As you may already know, differences between consecutive perfect squares grow after an arithmetic ratio ( with increment of 2 ).

For example , first 10 perfect squares < 1, 4, 9, 16, 25, 36, 49, 64, 81, 100 > have the differences between them equal to < 3, 5, 7, 9, 11, 13, 15, 17, 19 > .

This result is by no means surprising if we look at the cause : sqr(x+1) – sqr(x) = 2x + 1 .

for example, lets randomly compute sqr(1001) …

1001 x 1001 = 1000 x 1000 + 2 x 1000 + 1 = 1002001. Way easier to do ( even in your own head ) than the way you usually compute 4 digit multiplications .. 🙂

the real power of this comes from the next point of view. If you have to compute , for say ( sqr(1743), and the next 100 perfect squares) , you can much easier

compute (expensivelly ) only sqr(1743) and for every number left you need only 2 additions and 1 multiplications with 2….

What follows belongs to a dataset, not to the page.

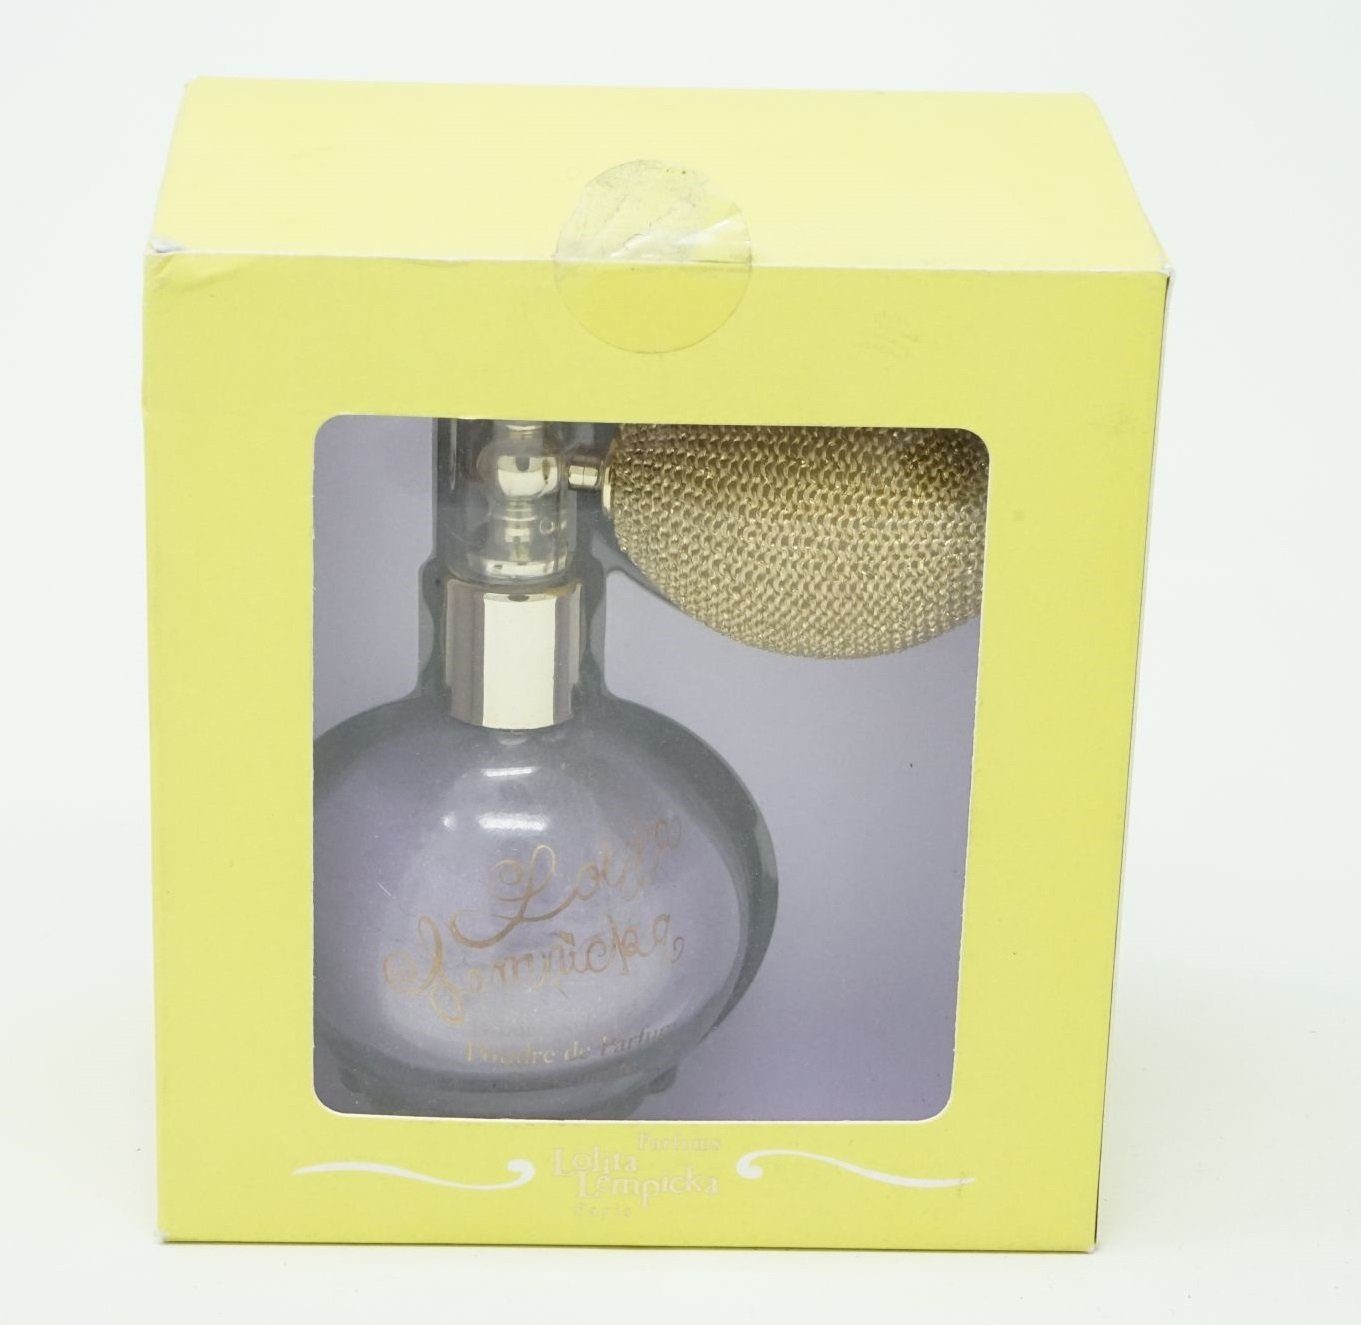 Lolita Öl-Parfüm Lempicka Powdered Shimmering Lolita Lempicka Perfume 17,2g

Next, lets inspect the higher dimension => perfect cubes …

First ten are : l0 = < 1, 8, 27, 64, 125, 216, 343, 512, 729, 1000 >with the differences l1= < 7, 19, 37, 61, 91, 127, 169, 217, 271 >. Well what do you know, nothing arithmetic about this sequence. But , taking a closer look, if we compute ** again** the differences between consecutive numbers in this new sequence , we obtain :

l2 = <12, 18, 24, 30, 36, 42, 48, 54 >( which grows linear , of course ).

This result comes from : (cube(x+2) – cube(x+1)) – (cube(x+1) – cube(x)) = 6 * x + 6.

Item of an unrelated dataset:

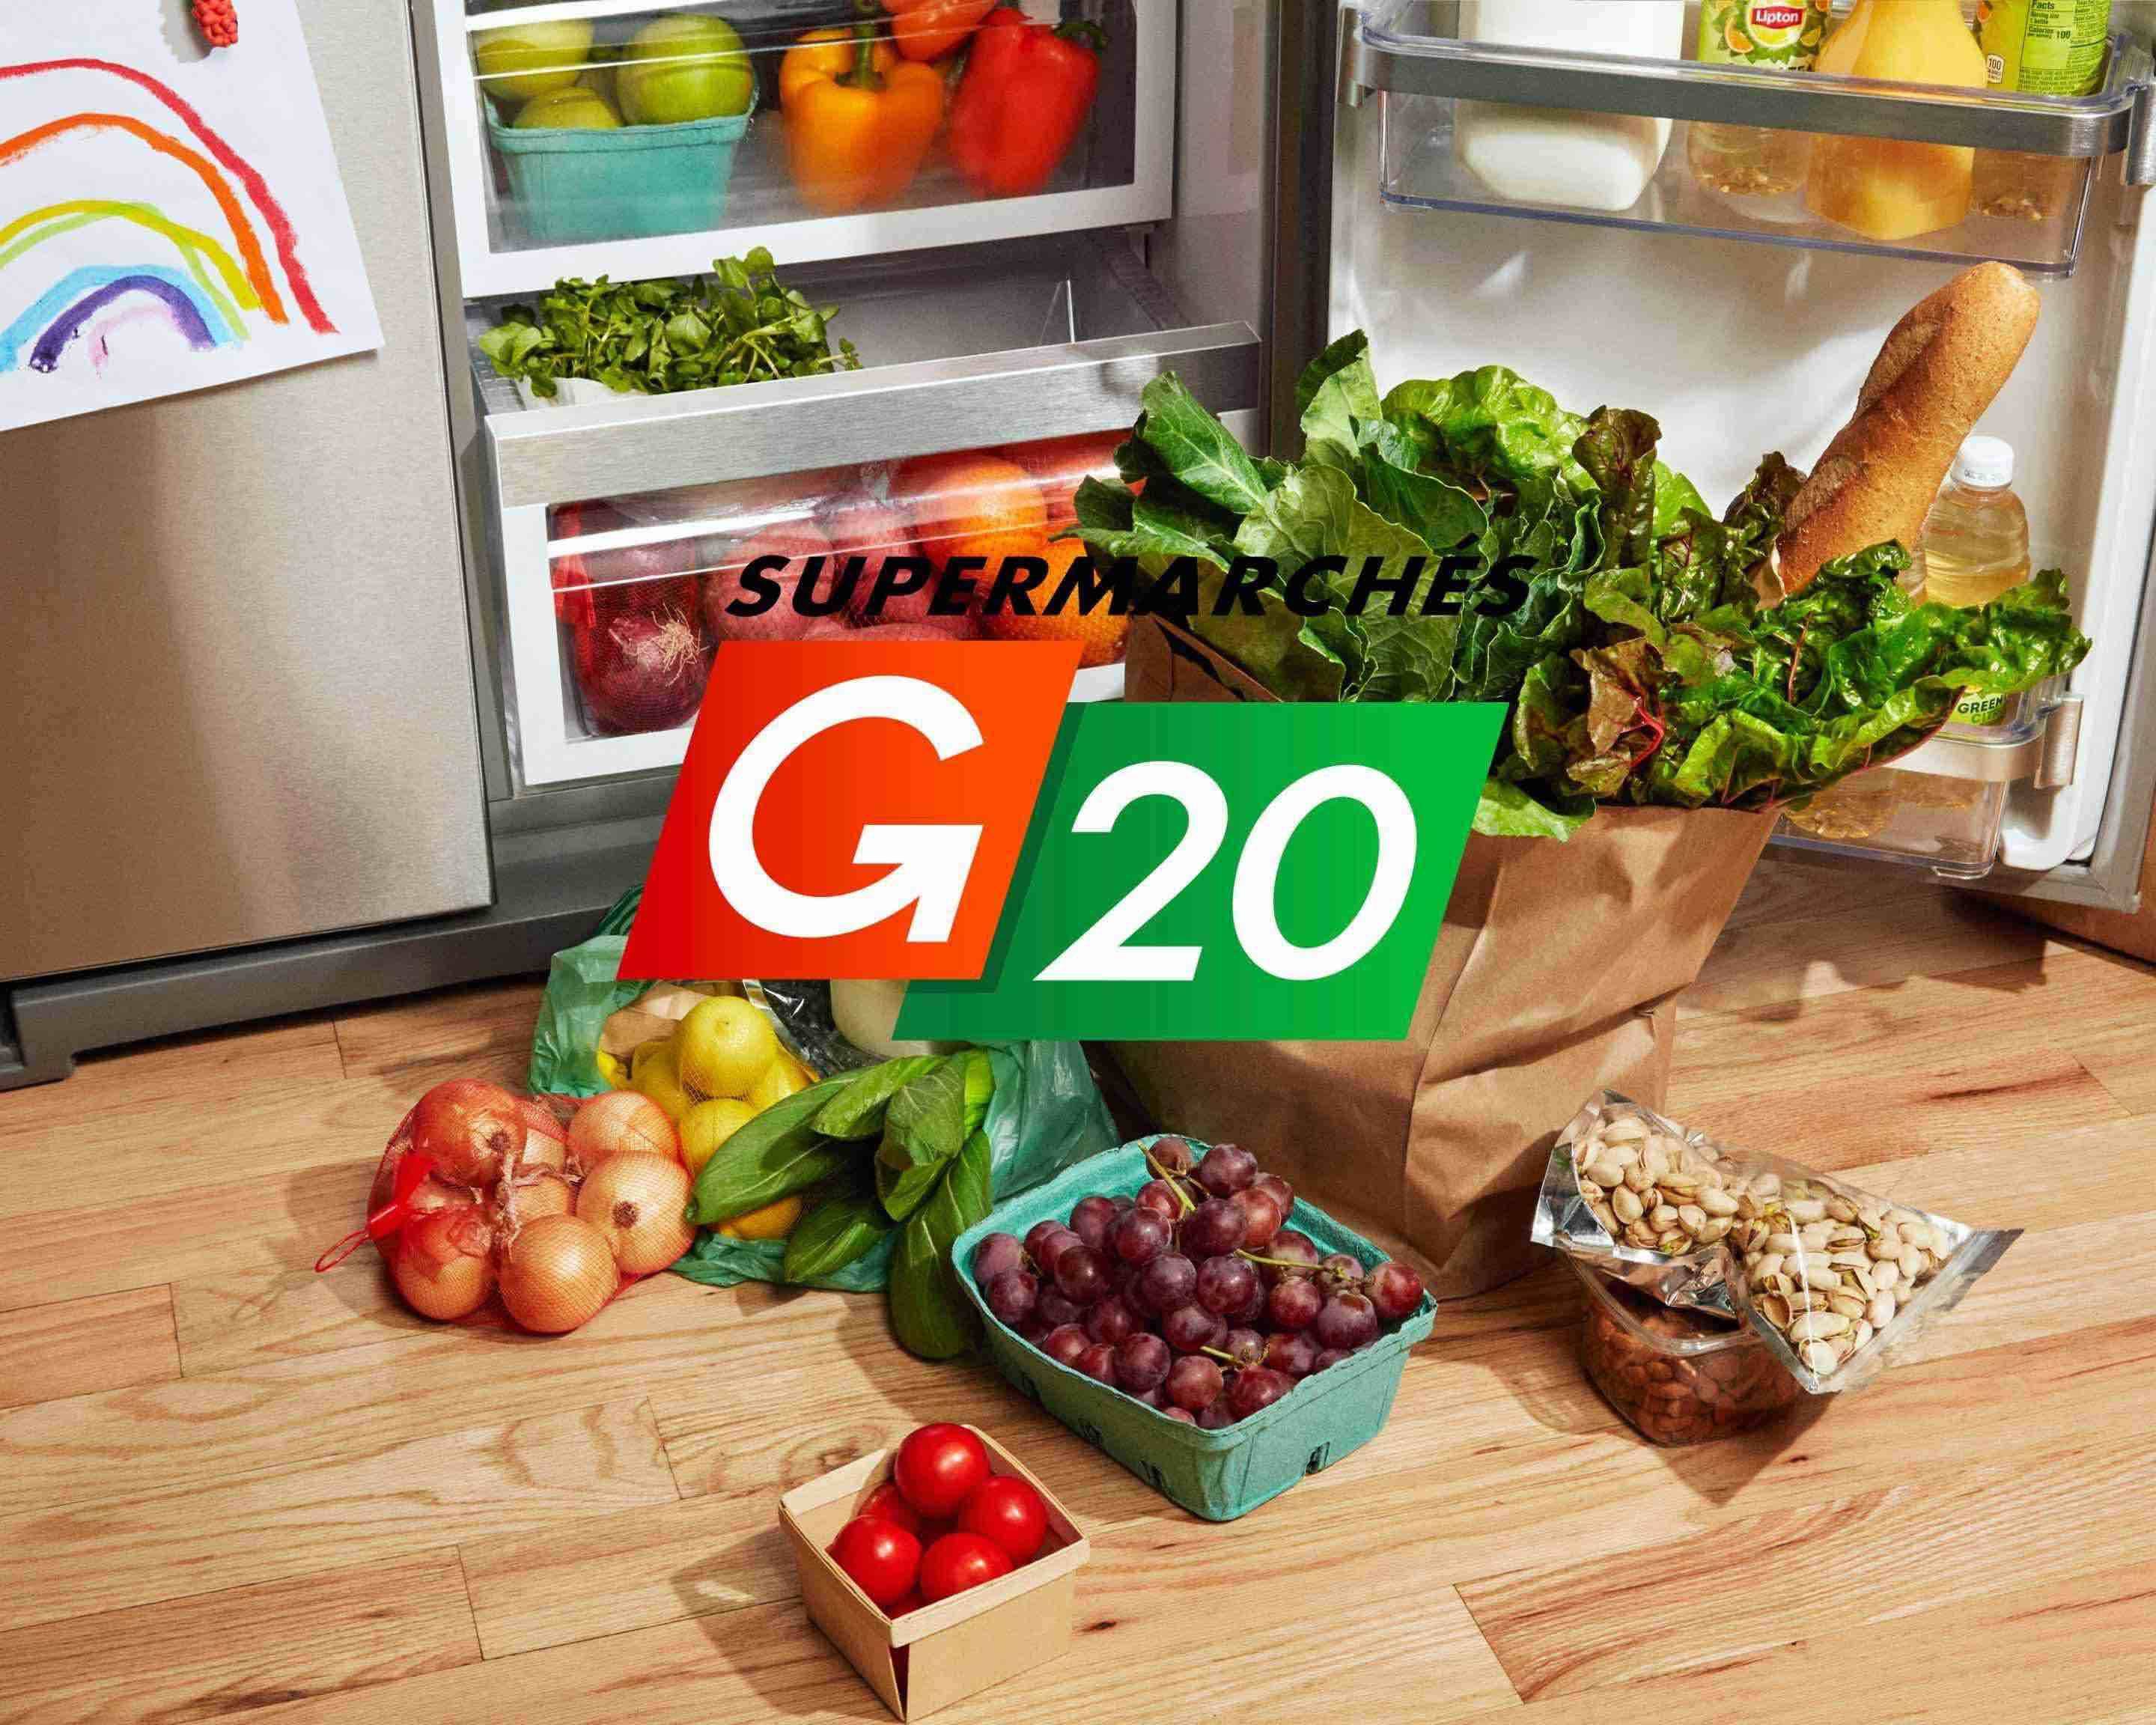 Livraison Supermarché G20 - Cloys à Paris - Menu et prix

now this may seem odd, but if you have to compute ( for any reason possibly imaginable ) ten consecutive perfect cubes , do compute only the first two , and then with all the following do :

– in the low level, compute the first number : l21 = 6 x nr + 6. For every element in l2 that succeeds , just add 6.

– in l1, add the number obtained in l2 to the first number in l1 to obtain l12. l1 already contained one element as the difference between the 2 hard coded elements in l0. ( computated expensivelly)

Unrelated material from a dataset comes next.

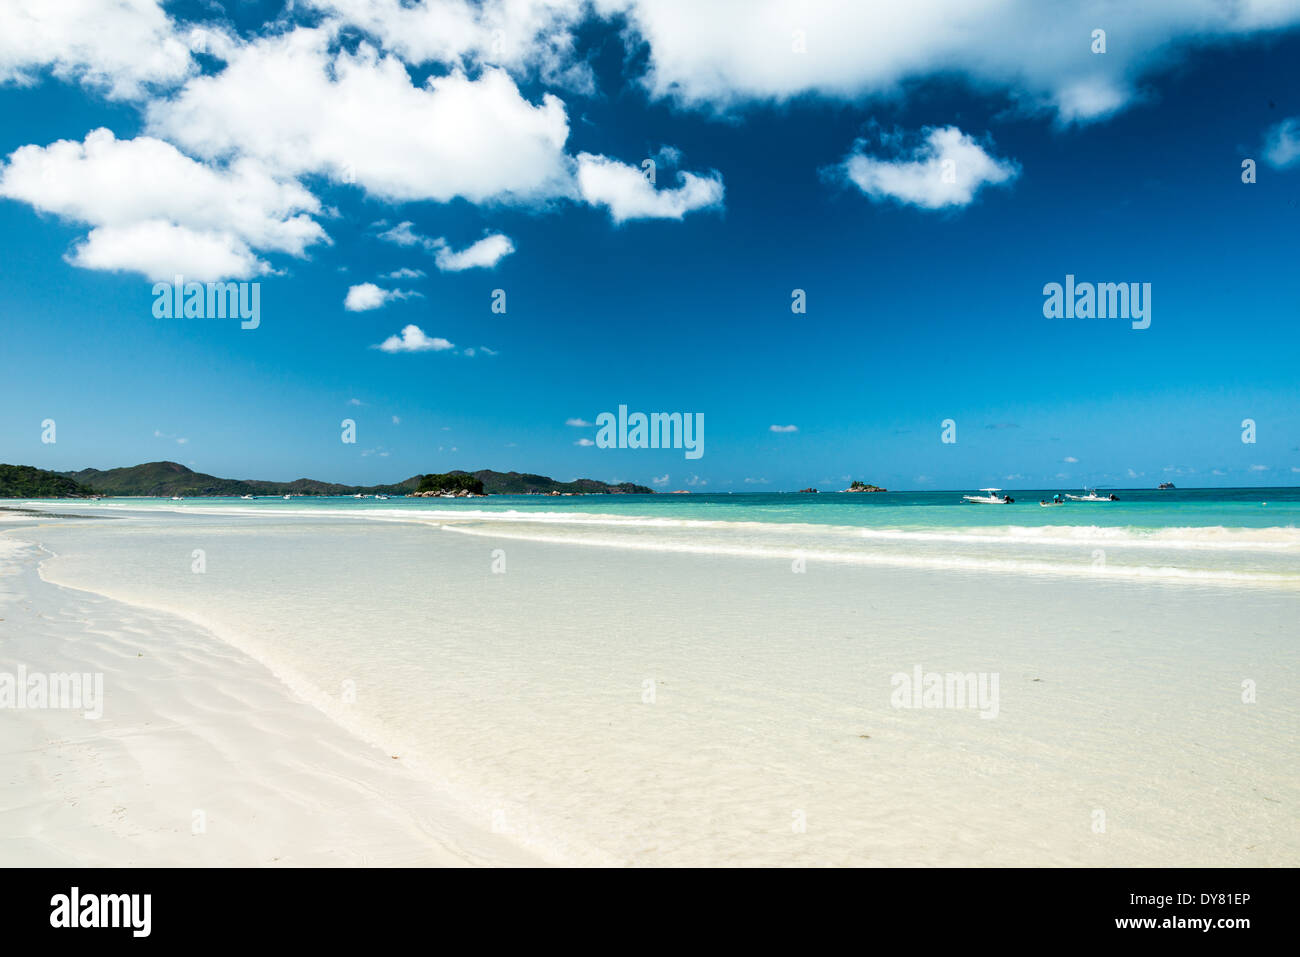 Plage de sable blanc avec une mer turquoise Banque D'Images

– in l0, add the number l12 to l02, and so you get the next perfect cube.

instead of doing 2 multiplications which can be very tricky, you can do : 1 addition with 6, and 2 more additions. Which , by all means, sounds so much easier to do. 🙂

this wicked thing does still hold in even higher dimensions, with a catch ( which you probably kinda start to guess ) : **you need more intermediate lists. **

for perfect hypecubes , we obtain 3 sublists , the bottom which is < 60, 84, 108, 132 … > which grows after 24x + 36.

If you want to see it , do check that : {[ hype(x+3) – hype(x+2)] – [ hype(x+2) – hype(x+1)]} – {[ hype(x+2) – hype(x+1)] – [ hype(x+1) – hype(x)]} = 24x +36.

To compute the next perfect hypercube ( first 3 are given ) , you need 4 aditions , 1 of which is trivial. Instead of 3 REALLY HARD multiplications….